### What this task involves
Copy all of the entries that follow, exactly.

>>

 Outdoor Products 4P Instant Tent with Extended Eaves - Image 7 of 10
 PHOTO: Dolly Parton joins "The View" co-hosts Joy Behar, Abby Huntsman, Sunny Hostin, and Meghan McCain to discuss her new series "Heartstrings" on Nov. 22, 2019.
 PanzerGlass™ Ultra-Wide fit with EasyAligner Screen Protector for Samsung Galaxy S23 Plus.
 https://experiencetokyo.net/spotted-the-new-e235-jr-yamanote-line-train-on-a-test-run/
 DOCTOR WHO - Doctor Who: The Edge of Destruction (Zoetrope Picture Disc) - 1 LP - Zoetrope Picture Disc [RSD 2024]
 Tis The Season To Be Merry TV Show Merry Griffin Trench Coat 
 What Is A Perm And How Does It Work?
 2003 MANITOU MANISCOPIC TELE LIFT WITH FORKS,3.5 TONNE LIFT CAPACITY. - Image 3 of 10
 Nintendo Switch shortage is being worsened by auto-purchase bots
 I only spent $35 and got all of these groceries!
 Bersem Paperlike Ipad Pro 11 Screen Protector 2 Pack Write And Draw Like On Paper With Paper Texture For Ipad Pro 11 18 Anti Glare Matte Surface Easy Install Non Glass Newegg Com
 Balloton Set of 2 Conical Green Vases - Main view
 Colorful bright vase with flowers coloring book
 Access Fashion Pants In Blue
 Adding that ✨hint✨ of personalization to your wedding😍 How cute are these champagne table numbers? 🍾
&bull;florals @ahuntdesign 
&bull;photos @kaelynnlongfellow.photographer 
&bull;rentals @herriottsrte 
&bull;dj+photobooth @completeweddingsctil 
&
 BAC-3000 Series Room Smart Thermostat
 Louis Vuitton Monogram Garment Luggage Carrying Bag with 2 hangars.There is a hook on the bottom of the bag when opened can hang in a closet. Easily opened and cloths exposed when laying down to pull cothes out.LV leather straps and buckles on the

<<

### Exercise response
 Outdoor Products 4P Instant Tent with Extended Eaves - Image 7 of 10
 PHOTO: Dolly Parton joins "The View" co-hosts Joy Behar, Abby Huntsman, Sunny Hostin, and Meghan McCain to discuss her new series "Heartstrings" on Nov. 22, 2019.
 PanzerGlass™ Ultra-Wide fit with EasyAligner Screen Protector for Samsung Galaxy S23 Plus.
 https://experiencetokyo.net/spotted-the-new-e235-jr-yamanote-line-train-on-a-test-run/
 DOCTOR WHO - Doctor Who: The Edge of Destruction (Zoetrope Picture Disc) - 1 LP - Zoetrope Picture Disc [RSD 2024]
 Tis The Season To Be Merry TV Show Merry Griffin Trench Coat 
 What Is A Perm And How Does It Work?
 2003 MANITOU MANISCOPIC TELE LIFT WITH FORKS,3.5 TONNE LIFT CAPACITY. - Image 3 of 10
 Nintendo Switch shortage is being worsened by auto-purchase bots
 I only spent $35 and got all of these groceries!
 Bersem Paperlike Ipad Pro 11 Screen Protector 2 Pack Write And Draw Like On Paper With Paper Texture For Ipad Pro 11 18 Anti Glare Matte Surface Easy Install Non Glass Newegg Com
 Balloton Set of 2 Conical Green Vases - Main view
 Colorful bright vase with flowers coloring book
 Access Fashion Pants In Blue
 Adding that ✨hint✨ of personalization to your wedding😍 How cute are these champagne table numbers? 🍾
&bull;florals @ahuntdesign 
&bull;photos @kaelynnlongfellow.photographer 
&bull;rentals @herriottsrte 
&bull;dj+photobooth @completeweddingsctil 
&
 BAC-3000 Series Room Smart Thermostat
 Louis Vuitton Monogram Garment Luggage Carrying Bag with 2 hangars.There is a hook on the bottom of the bag when opened can hang in a closet. Easily opened and cloths exposed when laying down to pull cothes out.LV leather straps and buckles on the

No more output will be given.